In general, he always said “I” when he should have been saying “we”. Guess that shoulda told me something.

MovingOn
MovingOn
10 years ago
Reply to  another Erica

aE: mine wanted a gold star and huge recognition if he did a chore. Look at me! I mowed the lawn! I finally cleaned my pigsty of a desk! He was, literally, like a little kid– he wanted kudos if he did something that normal adults do every day without expecting one iota of acknowledgment.

But… that’s why he had an A. *sob* I just didn’t appreciate his greatness enough! I should have fallen all over him every time he cleaned the pool! Terrible woman that I am…

Sad in Seattle
Sad in Seattle
10 years ago

The flip side of a “hard-working” cheating narcissist is one who is scared about having his ass handed to him in a divorce. Yes, mine actually worked while working other chicks. But he certainly used his job as an excuse many o’ time.
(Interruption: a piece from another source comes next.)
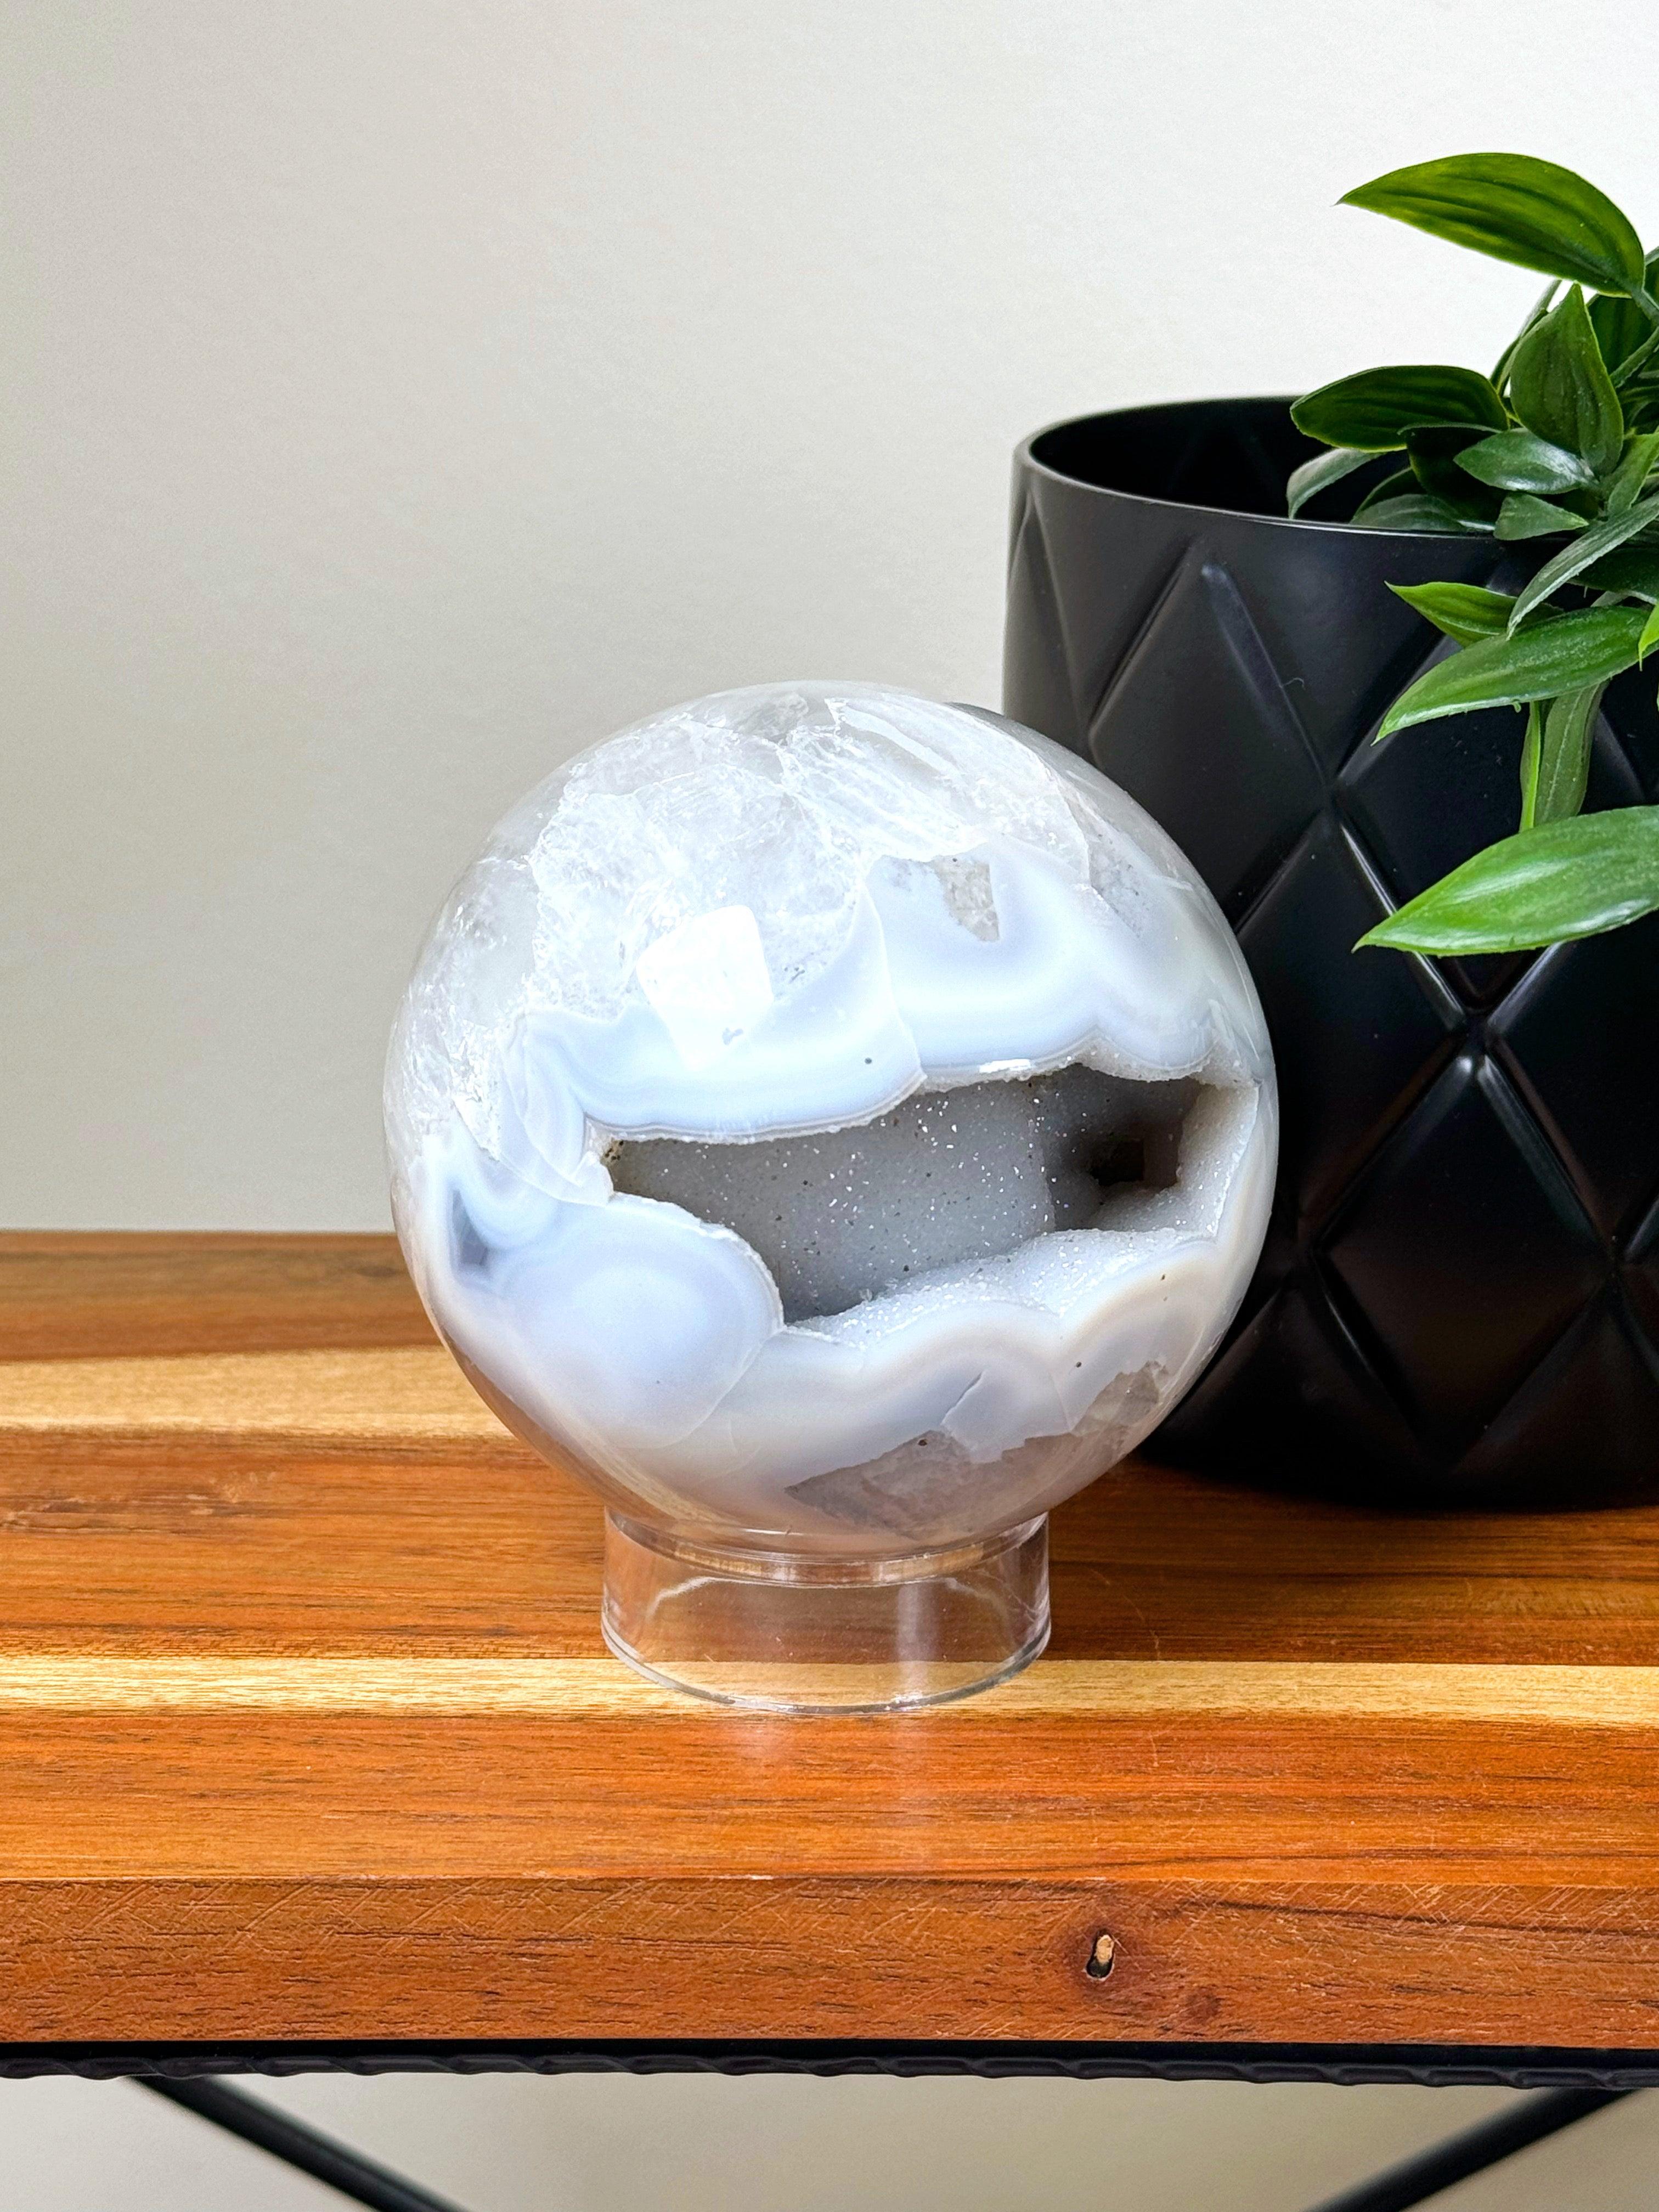 DRUZY AGATE SPHERE 2 - agate, druzy agate, googly agate, googly eye, googly eye agate, one of a kind, sphere, statement piece - The Mineral Maven
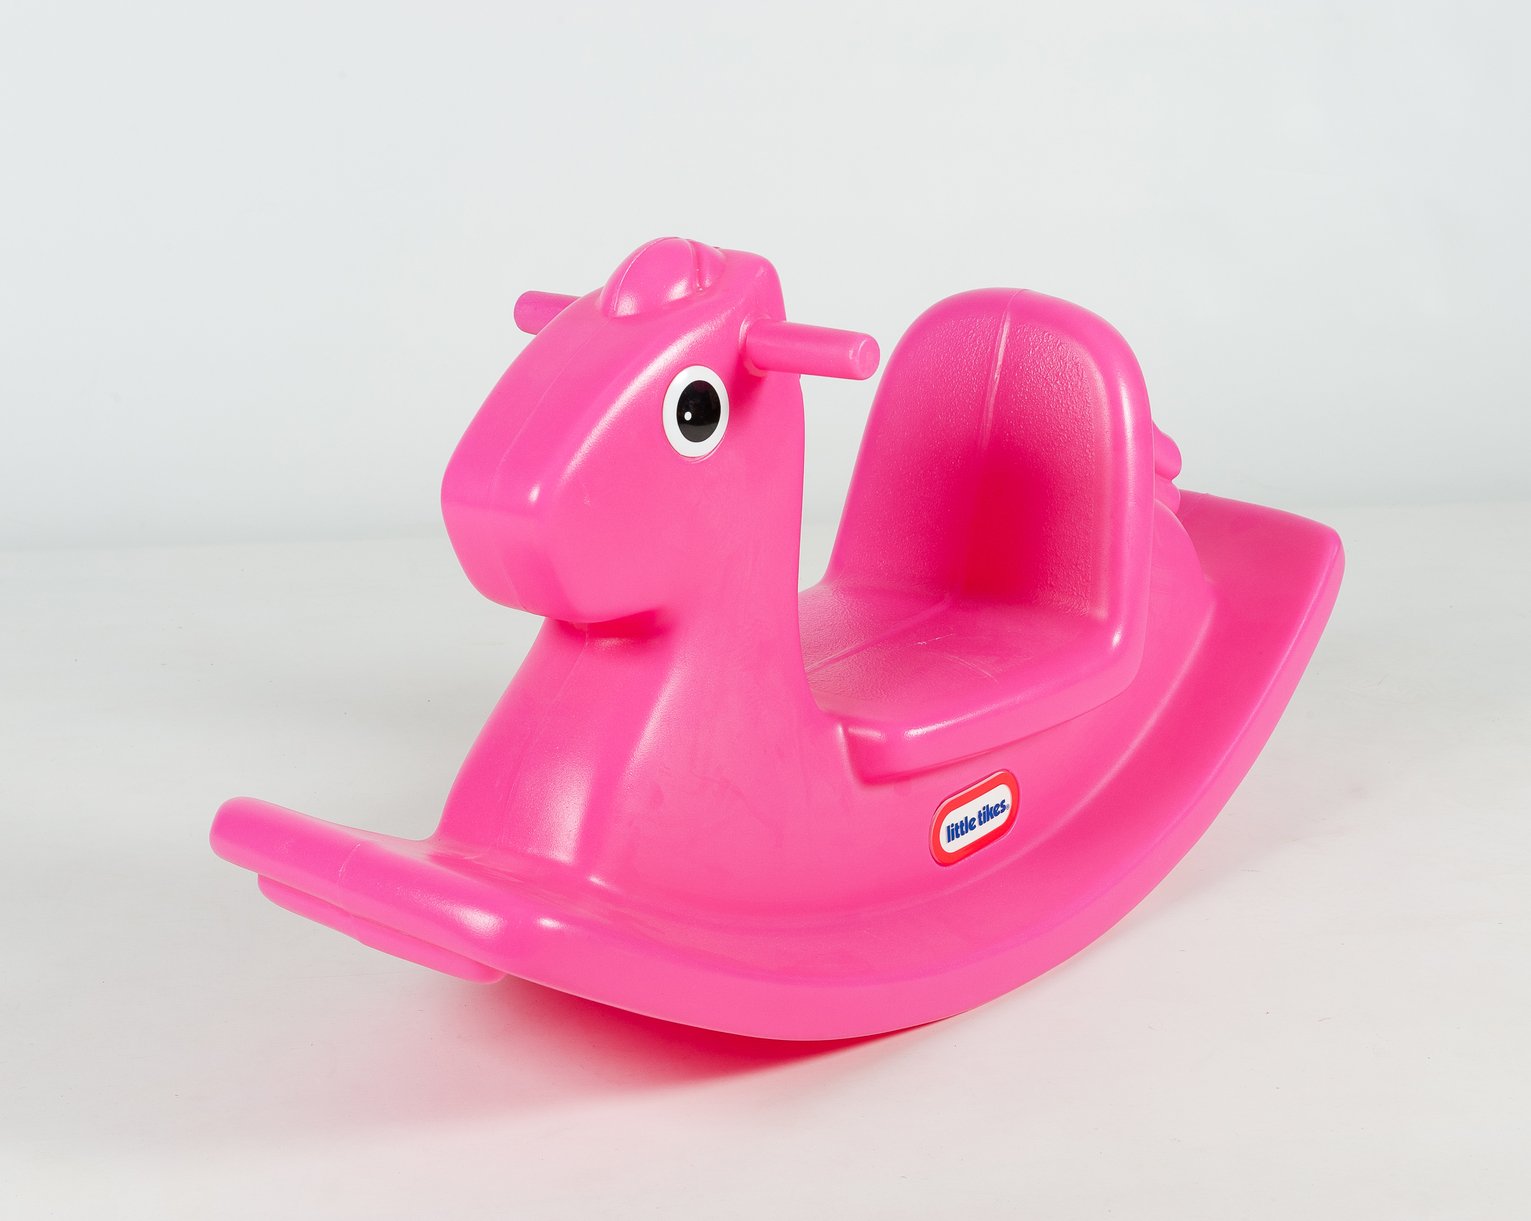 Little Tikes Rocking Horse review

Yup, all that cash will line my pockets nicely. That entitled prick, who makes six figures, can’t even afford a lawyer because he’s so in debt. I laugh!

Arnold
Arnold
10 years ago

My first XW, a serail cheater, had to go to a homeless shelter to feed the homeless on Christmas Day. I took the kids to her family dinner etc alone.
When I explained where she was, there was plenty of eye rolling. WTF was wrong with me buying that BS?

Baci
Baci
10 years ago
Reply to  Arnold

Arnold , you simply did not deserve to be treated the way you were by your exes.
You are obviously such a good guy that they think they can walk all over you.

Arnold
Arnold
10 years ago
Reply to  Baci

That has to change,Baci. I read al this stuff about alpha/beta males on TAM, the constant referal to Athol Kay and his book, and the No More Mr Nice Guy book, too.
Maybe there is something too it. Guess I am a beta.
Weird , though, I am a trial lawyer and got 9 Varsity letters in College. I play golf, professionally. But, I am nice and women do not like that, I guess(except for my girlfriend).
In reality, when I was younger, I could beat most of the “alphas” I knew in almost any athletic endeavor. And, I was good in school, too.
Guess i need more tattoos or something.

Sara8
Sara8
10 years ago
Reply to  Arnold

Arnold:

You don’t need tatoos. You ( and me) just need to stop being targets for NPDs.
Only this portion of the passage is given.